I agree with you that it would be much better, if somebody would set up a
crawler, properly crawl the Web of Data and then provide a catalog about all
datasets. As long as nobody does this, I think it is useful to have the
manually maintained CKAN catalog as a first step. 

An interesting step into this direction if the profiling work done by Felix
Naumann's group for the BTC dataset. See
http://www.cs.vu.nl/~pmika/swc/submissions/swc2010_submission_3.pdf

> >> Is HTML + RDFa with hash fragments, available via HTTP GET
> "dereferencable" for you? E.g.

Absolutely!

> >> To be frank, I think the bubbles diagram fundamentally misses the point
in
> the sense that the power of linked data is in integrating a huge amount of
> small, specific data sources, and not in linking a manually maintained
blend of
> ca. 100 monolithic datasets.

Valid point.  I agree with you that the power of the Linked Data
architecture is that it provides for building a single global dataspace
which of course may contain small as well as big data sources.
 
The  goal of the LOD diagram is not to visualize any small chunk of RDF on
the Web, as this would be impossible for obvious reasons - including the
size of your screen. 

We restrict the diagram to bigger datasets, hoping that these may be
especially relevant to data consumers.

Of course, you may disagree with this restriction.

>From Thomas:
> > How about handling GoodRelations the same way as FOAF, representing it
> > as a somewhat existing bubble without exactly specifying where it
> > links to and from where inbound links come from

We also don't do this for FOAF anymore in the new version of the diagram.

>From Thomas:
> > In the end, the idea of a Web catalogue was mostly abandoned at some
> > point due to being unmanageable, maybe the same happens to the Web
> > /data/ "catalogue", aka.
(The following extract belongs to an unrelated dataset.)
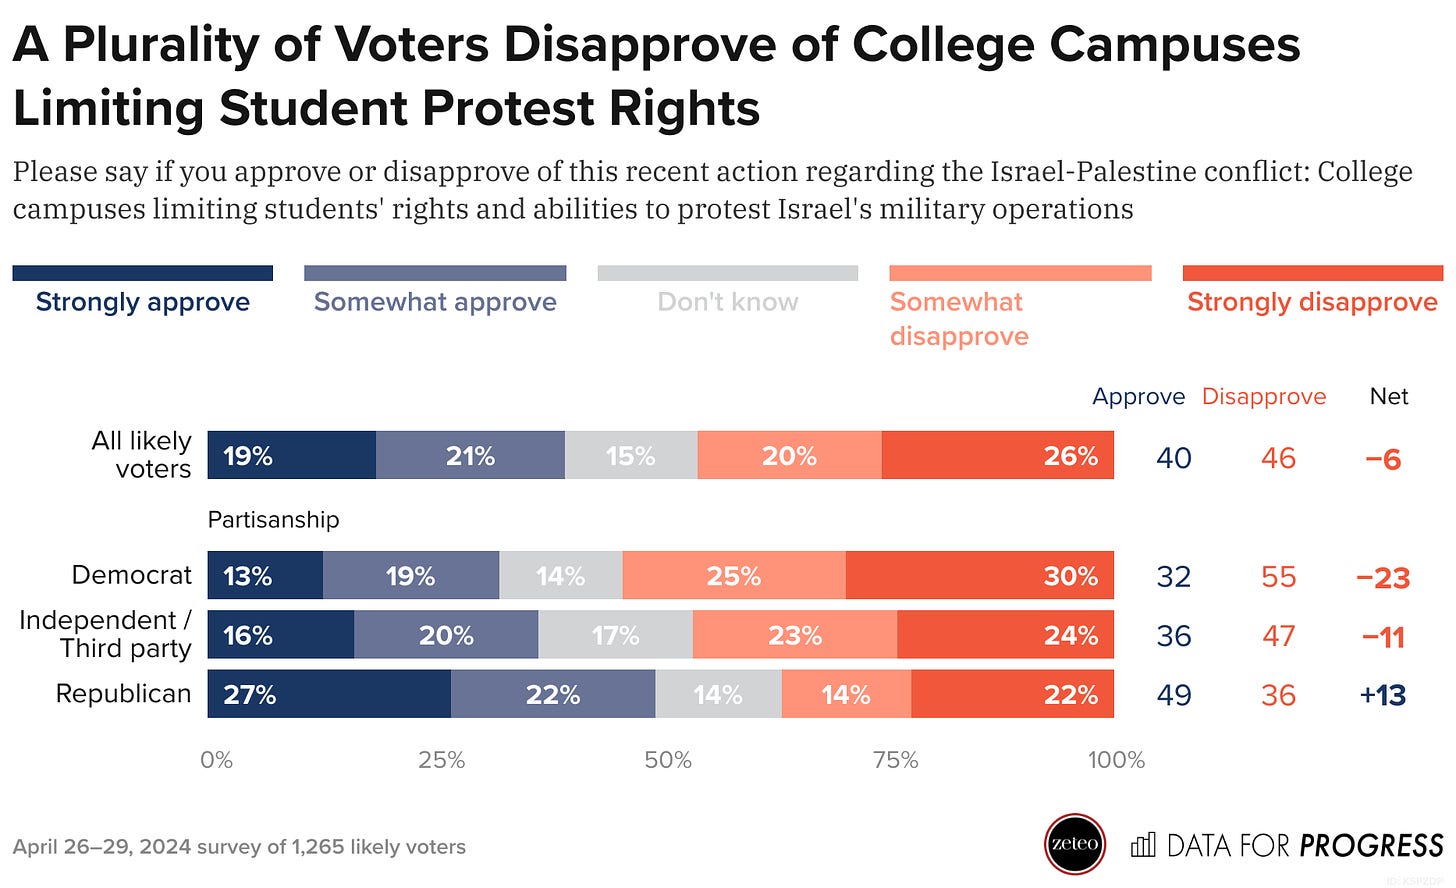 A plurality of voters disapprove of college campuses limiting student protest rights.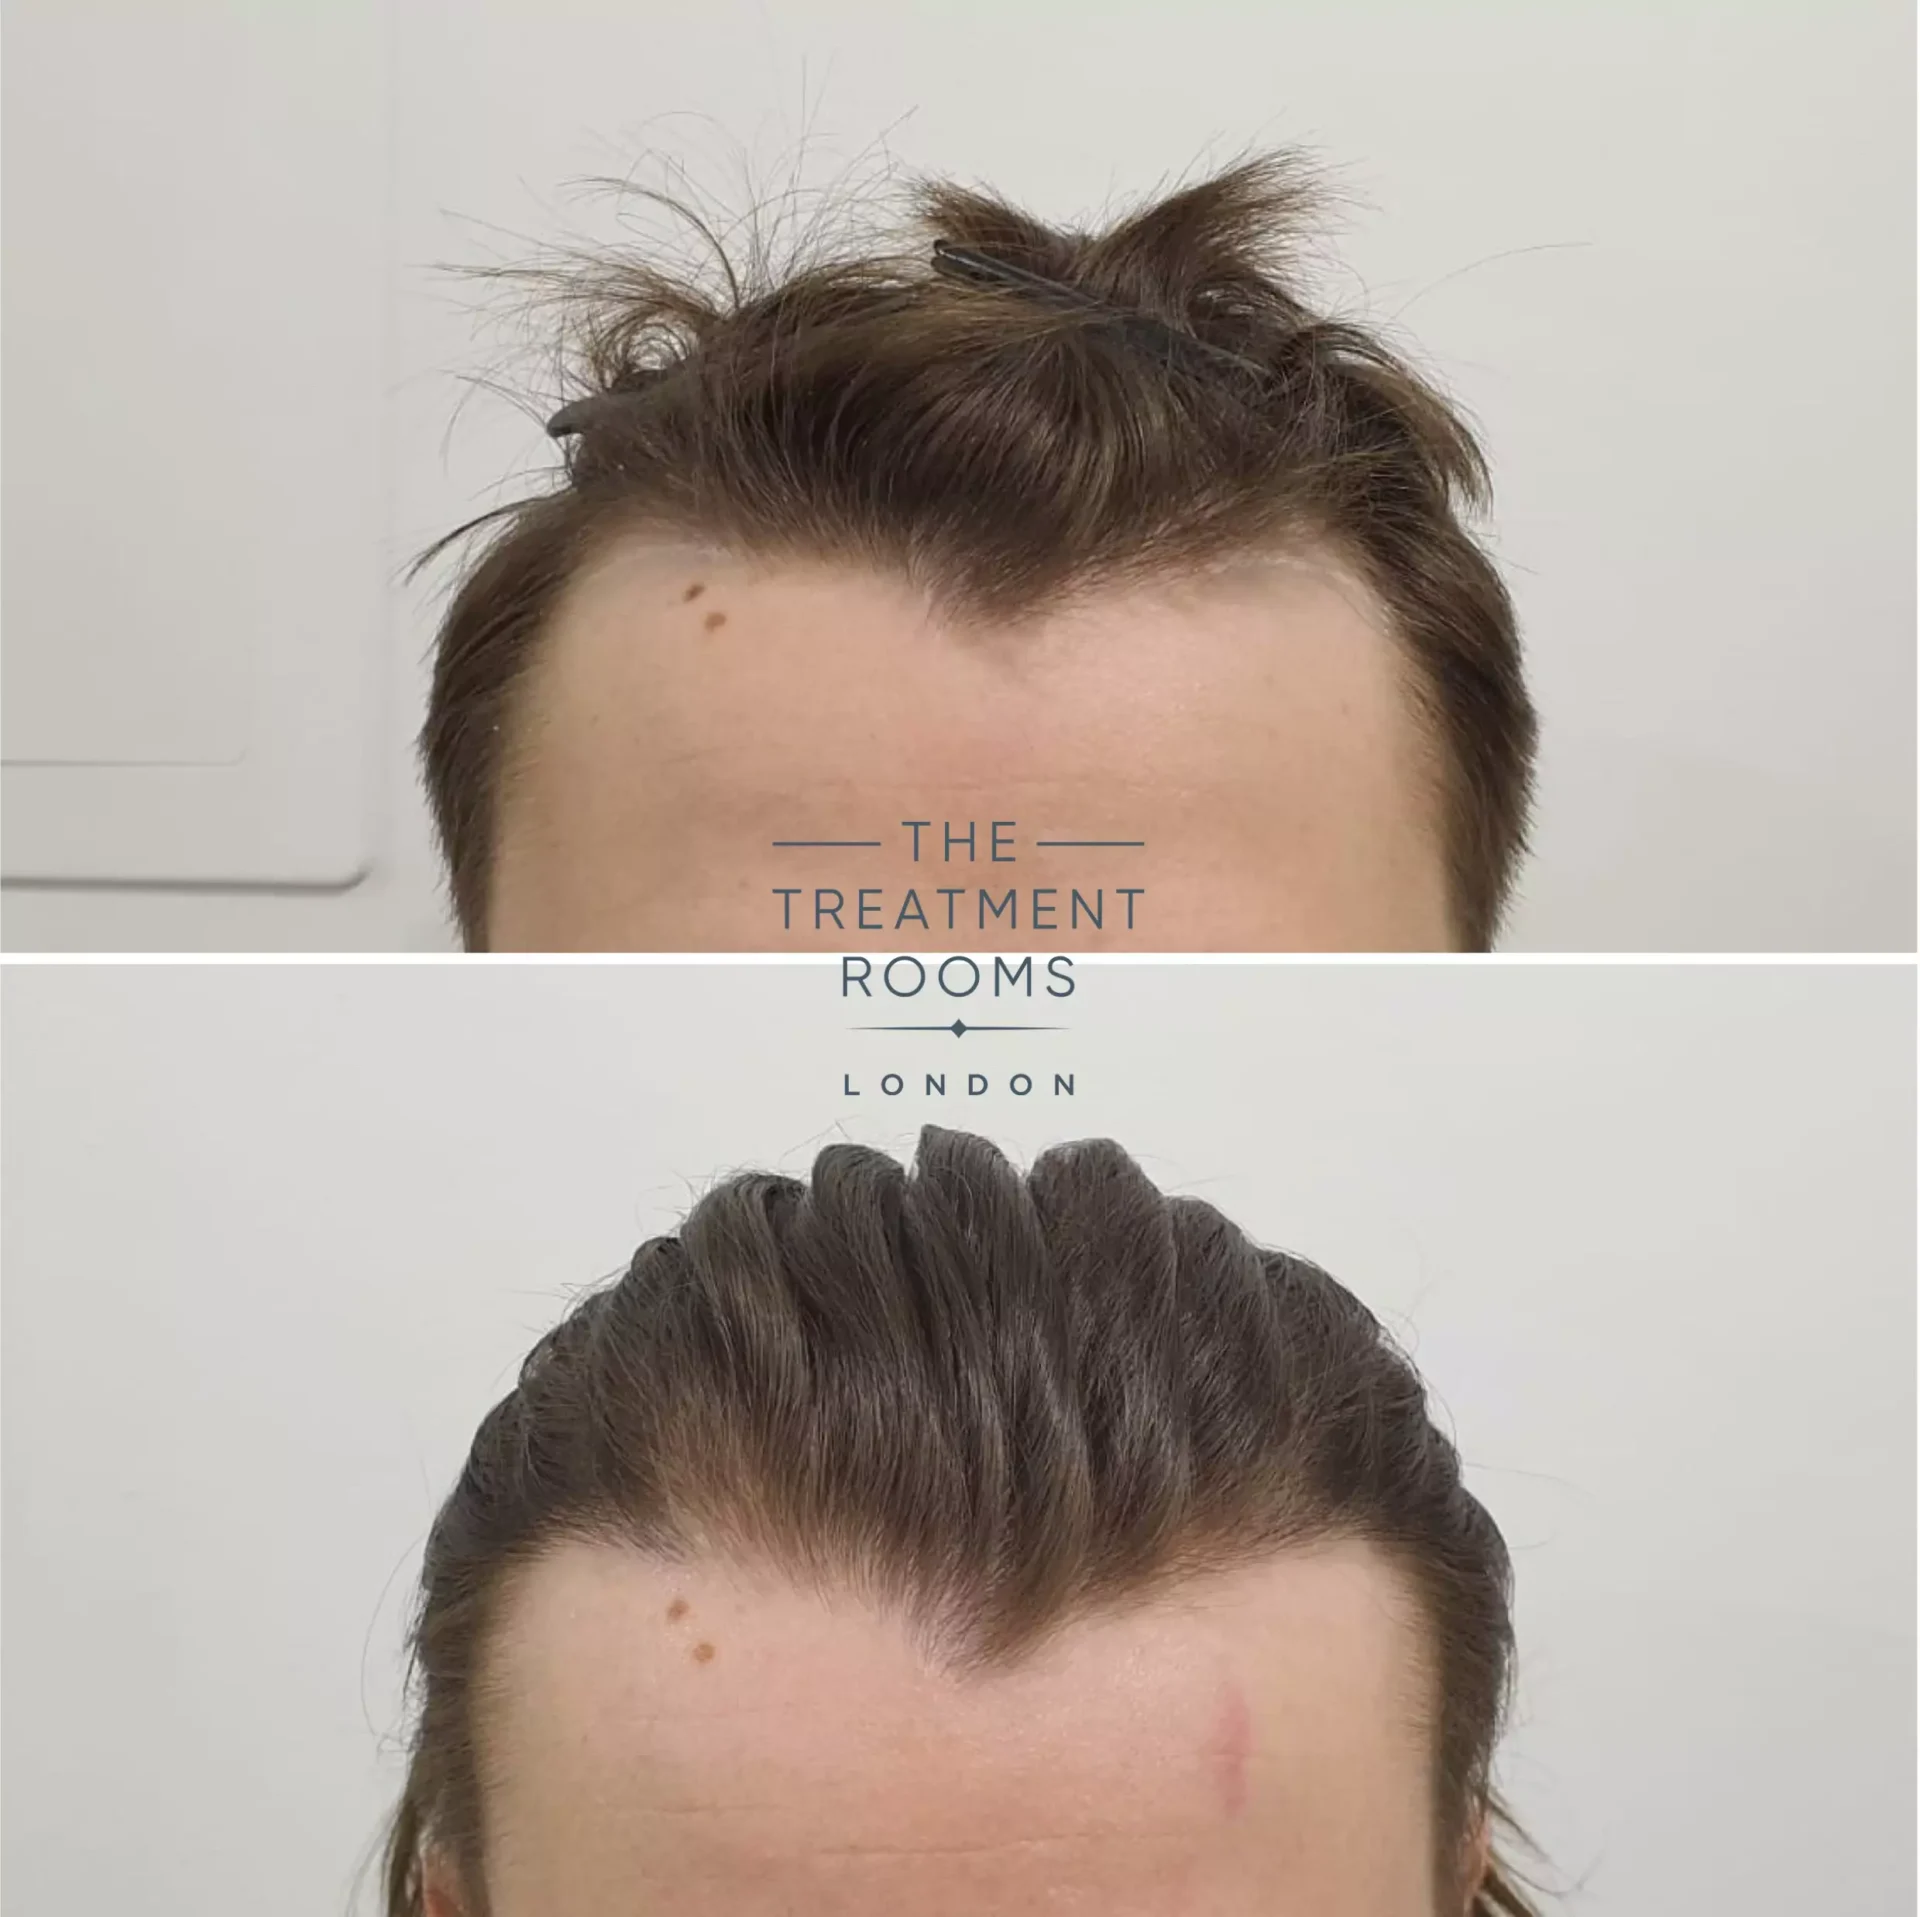 temple hair transplant london 600 grafts before and after

LOD cloud (the metaphor doesn't work
> > perfectly, but you get the point).

Yes. But I personally think that the Yahoo catalog was rather useful in the
early days of the Web.

In the same way, I think that the CKAN catalog is rather useful in the
current development stage of the Web of Data and I'm looking forward to the
time, when the Web of Data has grown to a point where such a catalog becomes
unmanageable.

But again: I agree that crawling the Web of Data and then deriving a dataset
catalog as well as meta-data about the datasets directly from the crawled
data would be clearly preferable and would also scale way better.

Thus: Could please somebody start a crawler and build such a catalog?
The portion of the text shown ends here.